Abbreviations: PDC, proportion of days covered; MMAS, Morisky Medication Adherence Scale; NVAF, nonvalvular atrial fibrillation; OAC, oral anticoagulant.

Health care utilization

Among PDC-adherent patients, a significantly lower proportion had inpatient hospitalizations and ED visits compared with patients considered PDC-nonadherent (Figure 2). However, a greater proportion of PDC-adherent patients had outpatient office visits compared with the PDC-nonadherent patients. These differences were largely eliminated when adherence was measured using MMAS-8 scores (Figure 3). No significant differences were found in terms of inpatient hospitalizations or outpatient visits, but a significant difference was maintained in terms of ED visits.

Figure 2 All-cause health care resource utilization^a between adherent and nonadherent patients using PDC calculated from claims for the 12-month period including and after the initial survey.

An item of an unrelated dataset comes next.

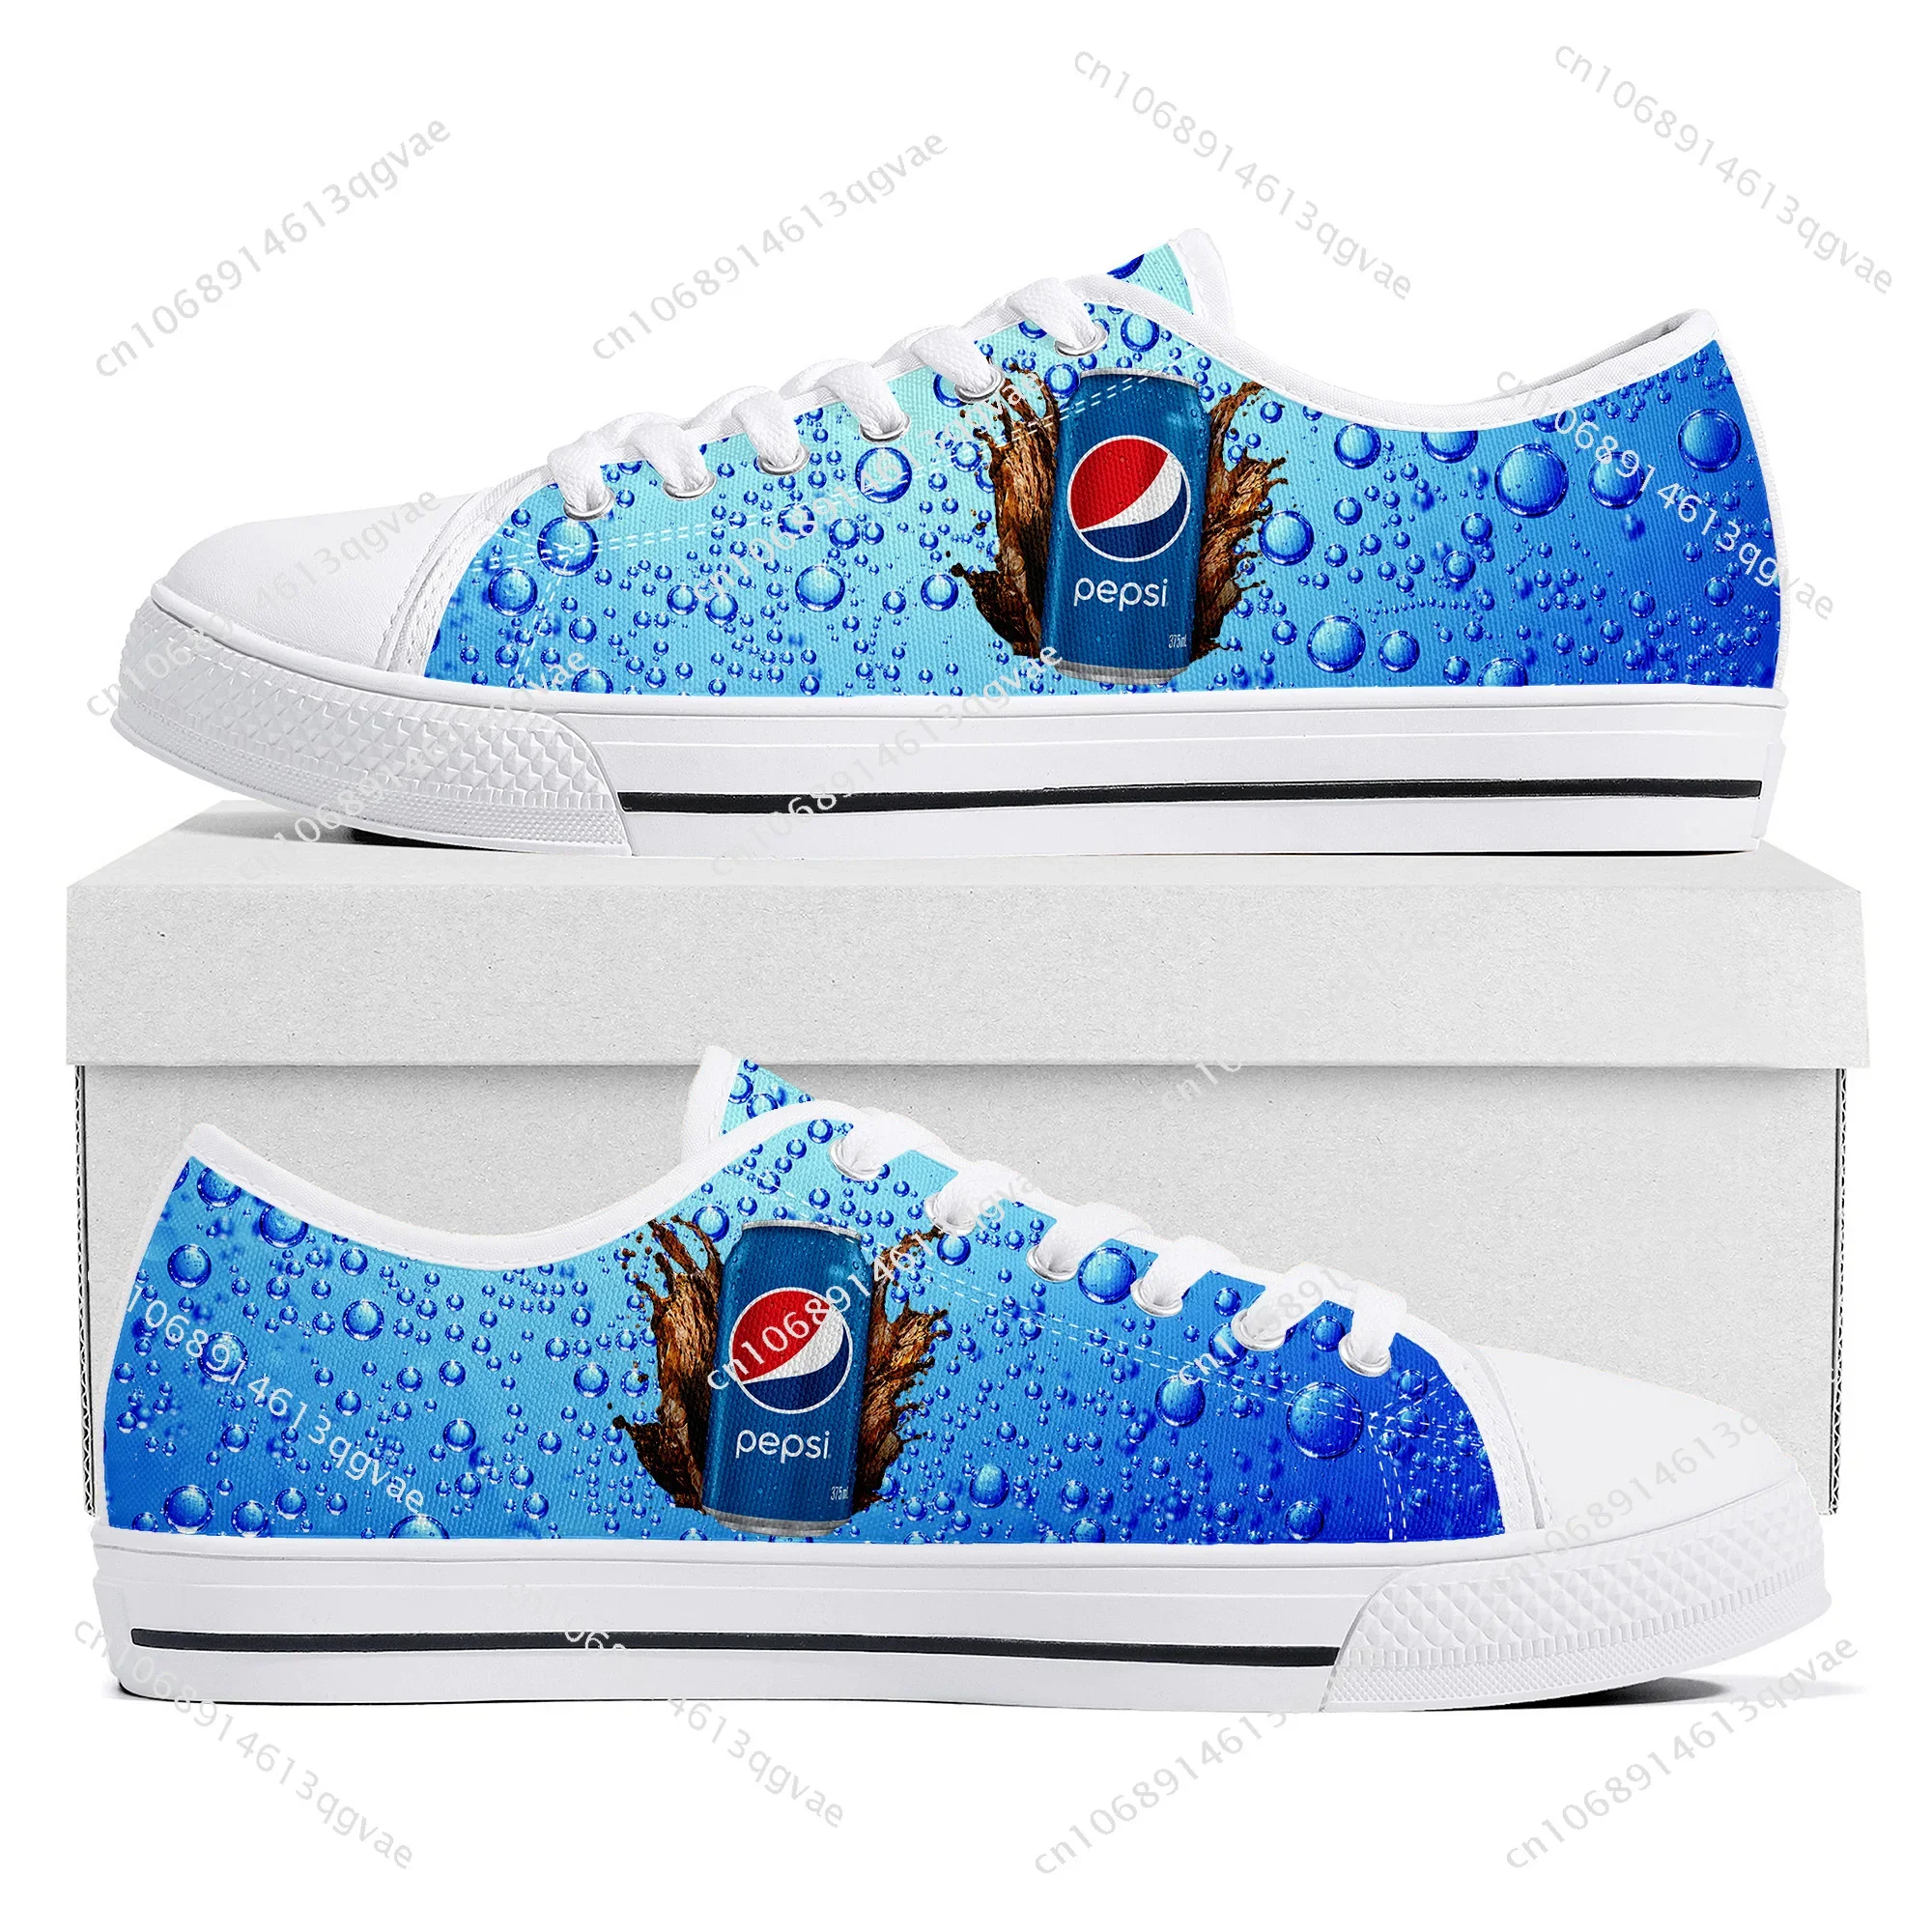 

P-Pepsi-Cola Low Top High Quality Sneakers Mens Womens Teenager Tailor-made Shoe Canvas Sneaker Casual Couple Shoes White

Notes: ^aUnadjusted results; *p<0.05; PDC_Adherent n=323, PDC_Nonadherent n=352.
Abbreviations: PDC, proportion of days covered; INP, inpatient; ER, emergency room.

Figure 3 All-cause health care resource utilization^a between adherent and nonadherent patients using mean MMAS-8 scores determined from patient self-report for the 12-month period including and after the initial survey.

Notes: ^aUnadjusted results; *p<0.05; MMAS_Adherent n=251, MMAS_Nonadherent n=424. Use of the ©MMAS is protected by US copyright laws. Permission for use is required. A license agreement is available from: Donald E Morisky, ScD, ScM, MSPH, Professor, Department of Community Health Sciences, UCLA School of Public Health, 650 Charles E. Young Drive South, Los Angeles, CA 90095-1772, USA.
Abbreviations: MMAS-8, Morisky Medication Adherence Scale 8-item; INP, inpatient; ER, emergency room.

Medical costs

Total medical costs were significantly lower in the PDC-adherent than the PDC-nonadherent cohort (Figure 4). Unadjusted stroke-related medical costs were similar between the two groups but significantly lower for unadjusted bleeding-related medical costs in the PDC-adherent vs PDC-nonadherent cohort. The adjusted stroke-related total medical costs were 86% lower for PDC-adherent vs PDC-nonadherent cohort, and bleeding-related total medical costs were 75% lower for PDC-adherent vs PDC-nonadherent cohort.

Figure 4 Comparison of all-cause, stroke-related, and bleeding-related total medical costs^a between adherent and nonadherent patients using PDC calculated from claims for the 12-month period including and after the initial survey.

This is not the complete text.